Mineral water supply module {SUPPLYING MODULE FOR MINERAL WATER}

The present invention relates to a drinking water supplying apparatus, and more particularly, to a drinking water supplying apparatus capable of providing drinking water containing minerals.

Generally, a drinking water supply device is a device for supplying drinking water to a user. Such a drinking water supply device may be a stand-alone device, and it may be a part of a household appliance such as a refrigerator.

The drinking water supply device can not only supply the drinking water at normal temperature but also cool the drinking water flowing in the drinking water supply device using a cold water supply device including a refrigeration cycle or heat the drinking water with a heater, .

The drinking water may be raw water supplied from ground water or water, and raw water fed with water can be filtered by another filtering means. However, the drinking water described below is not limited to the kind of water mentioned in the meaning of drinking water.

Recently, the drinking water supply device is intended not only to provide the user with filtered purified water, cold water, or hot water, but also to provide a function number that meets various needs of the user. For example, a drinking water supply device with a mineral water supply module may be provided to provide the user with mineral water containing a predetermined amount of mineral.

Minerals are one of the five essential nutrients along with protein, fat, carbohydrates and vitamins. They are known to play an important role in biochemical (catalytic) action, bone and tooth composition in the human body.

In particular, trace elements such as calcium (Ca), potassium (K), magnesium (Mg), and sodium (Na) are sufficient, but they can be considered essential minerals for metabolism.

Mineral water containing these minerals can play a supporting role in promoting health such as discharging waste accumulated in the body and promoting digestion.

If a certain amount of minerals are contained in the drinking water, the user can feel an improved water taste in drinking.

In order to produce such mineral water, an electrolytic apparatus, a mineral filter, or a device for directly supplying concentrated minerals to purified water may be applied to the drinking water supply apparatus.

In the case of a device for directly supplying concentrated minerals to the purified water in the above-mentioned mineral water supply module, it can be realized in a compact size as compared with other devices.

For example, the mineral water supply module for directly supplying the concentrated minerals may be configured to supply the minerals discharged from the mineral cartridge containing the mineral concentrate to the outflow pipe through the mineral supply pipe.

However, in the conventional mineral water supply module, the mineral supply amount can be easily changed by the pressure of the pump that presses the mineral supply pipe by forming the mineral supply pipe with the same inner diameter as the outflow pipe.

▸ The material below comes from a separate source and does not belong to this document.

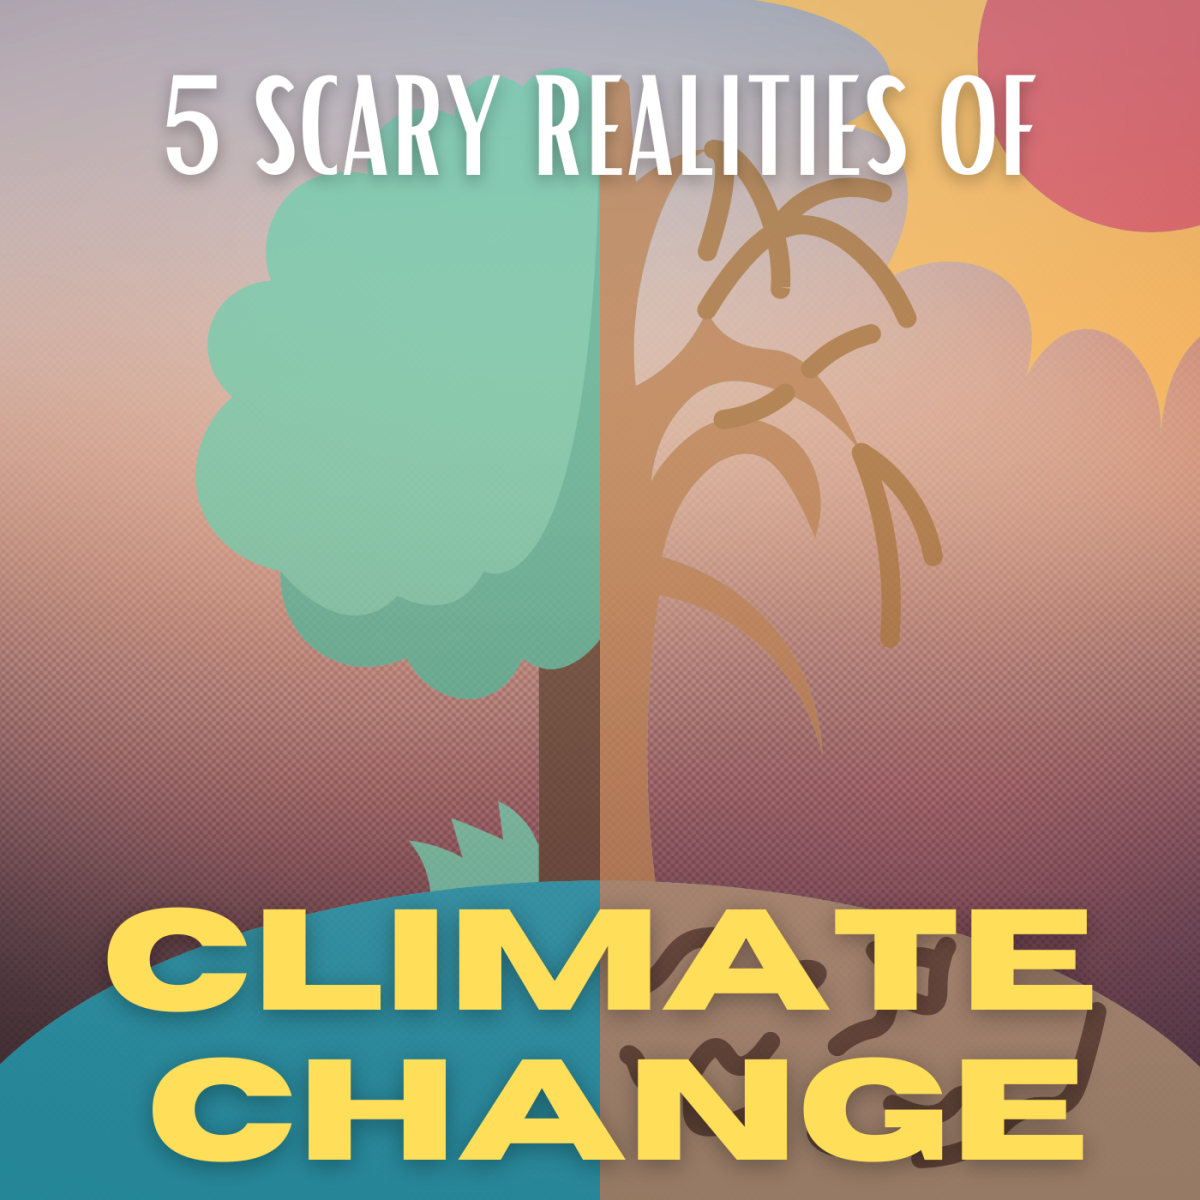 Top 5 Scary Realities of Climate Change

That is, there is a problem that the concentration of minerals contained in the mineral water coming out due to the variation of the extraction amount of the minerals is large. As a result, there is a problem that the water taste of the mineral water changes every time the user drinks.

To solve this problem, a flow rate regulator such as an orifice may be used. However, since the amount of minerals required to produce mineral water is very small, there is a problem that it is difficult to produce a flow control unit for discharging minerals at a minute flow rate.

Particularly, a method of rapidly reducing the inner diameter of a piping used in a general drinking water supply device to form a flow of minute flow rate is not only difficult to manufacture, but also has a problem that the productivity is lowered and the cost is increased.

In addition, minerals have a strong hardness, so they can form crystals and be scaled when energy is applied. Such a scale may reduce the flow cross-sectional area of the piping, which may interfere with the flow of the flow and may cause malfunction of the valve or the like.

Particularly, in the case of a pipe formed by reducing the inner diameter so that a minute flow rate flows, clogging of the pipe easily occurs due to scale. Therefore, there is a demand for a structure that facilitates maintenance or replacement of piping for forming a micro flow path for discharging minerals.

Disclosure of the Invention The present invention provides a mineral water supply module that can more easily realize a micro channel portion to which minute amounts of minerals are supplied and improve productivity.

An object of the present invention is to provide a mineral water supply module that increases the convenience of maintenance or replacement of a micro channel portion to which minute amounts of minerals are supplied.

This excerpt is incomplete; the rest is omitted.